Each year, millions of people in the U.S. file a business tax extension form. There are many reasons business owners choose to delay filing taxes, but one of the best is that it gives them the time and opportunity to carefully review expenses and optimize their tax savings. Because filing for a tax extension is simple and straightforward, strategic business owners often file for the extension and use the added time to maximize tax benefits—even if they don’t technically need the extra time. This is how to file a business tax extension for your 2020 taxes.
Is it a good idea to file a business tax extension?
It can be a very good idea to file a business tax extension, thereby moving your tax deadline up by six months. In 2021, the normal business tax deadline is March 15, 2021 and personal returns by April 15. The business tax extension deadline is September 15, 2021.
When you file a business tax extension, you gain the benefit of extra time to examine your expenses more thoroughly and pinpoint overlooked opportunities for tax write-offs. Because there is no penalty for extending your tax deadline, we recommend making use of the business tax extension, when needed, to make sure you are maximizing available tax deductions.
There is just one caveat: always estimate how much tax you think you owe and then send the estimated payment in with your extension.
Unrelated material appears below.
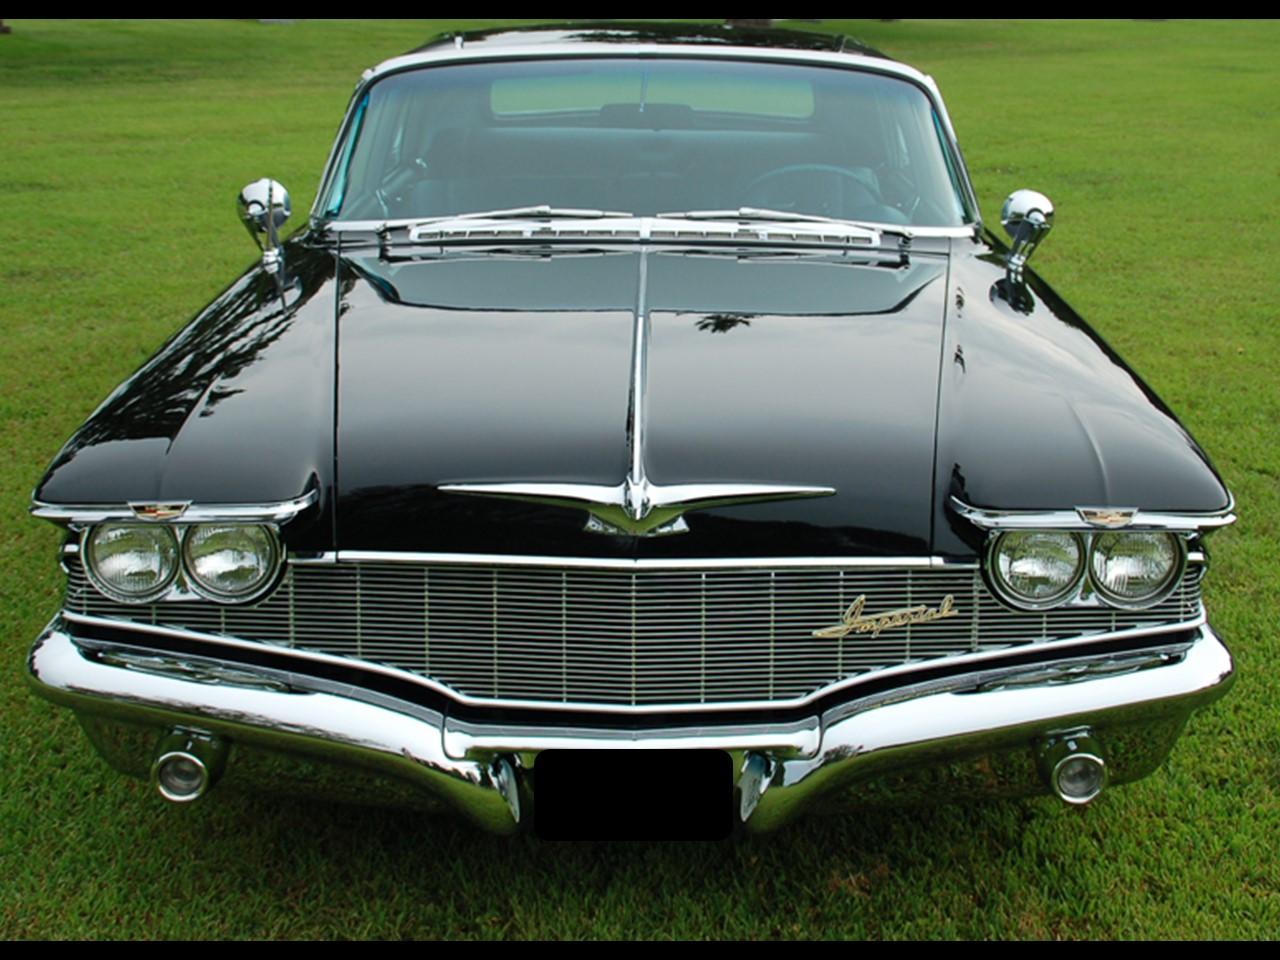 1960 Imperial LeBaron | NotoriousLuxury on 1985 chrysler lebaron, plymouth fury, dodge polara, chrysler gran fury, 1960 chrysler lebaron, chrysler lebaron convertible red, amc gremlin, chrysler new yorker, chrysler cordoba, 1975 chrysler lebaron, chrysler newport, chrysler pt cruiser car, chrysler k car limousine, plymouth valiant, chrysler lebaron 4 door, dodge monaco, 90 chrysler lebaron, 1931 chrysler lebaron, chrysler lebaron gts, dodge charger, lincoln continental, chrysler lebaron coupe, 1978 chrysler lebaron, chrysler town & country, chrysler 300 sedan, 1979 chrysler lebaron, 1987 chrysler lebaron, 1980 chrysler lebaron,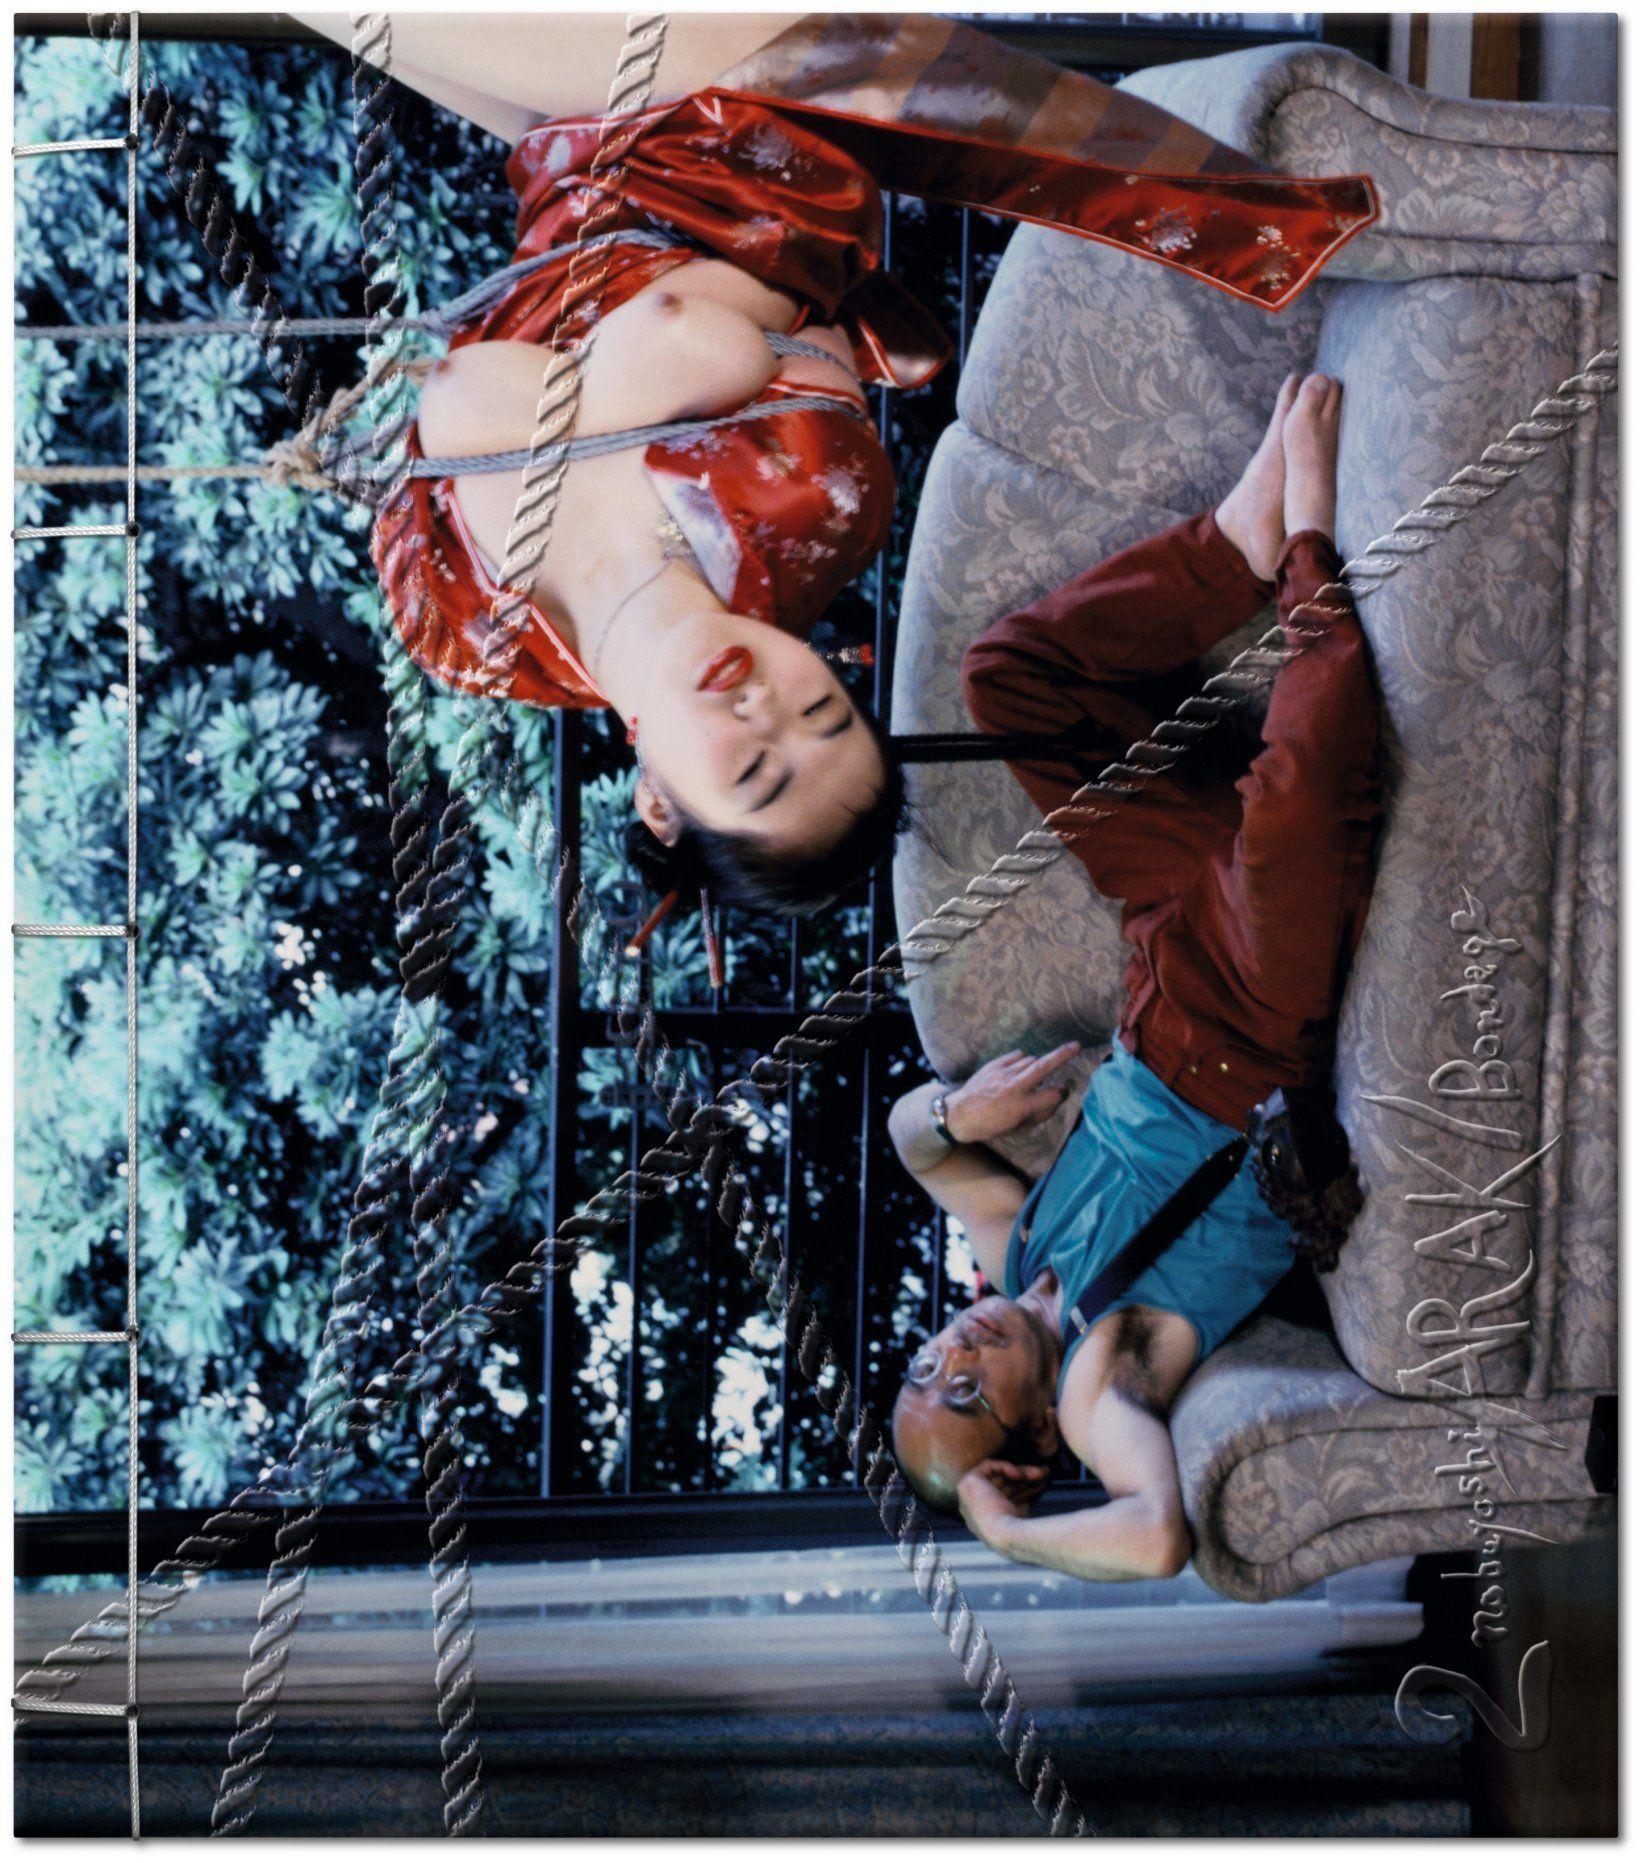 """ARAKI ACOSTADO Y UNA DE SUS MODELOS EN UNA DE SUS FOTOS DE """"BONDAGE"""", EL LIBRO DE TASCHEN EN VENTA A 1.000 DÓLARES EL EJEMPLAR"""

You can get a refund later if you overpay, but you’re likely to incur penalties or interest if you don’t pay at all. This is because an extension gives you extra time to file your return, but it doesn’t extend the deadline for paying the taxes that you owe.
Common deductions to consider
Once you have filed your business tax extension form, you can begin looking for more ways to maximize your tax advantage. Many potentially valuable write-offs are missed in the rush to file in spring, which is why we recommend using this six-month extension period to investigate common deductions like the following.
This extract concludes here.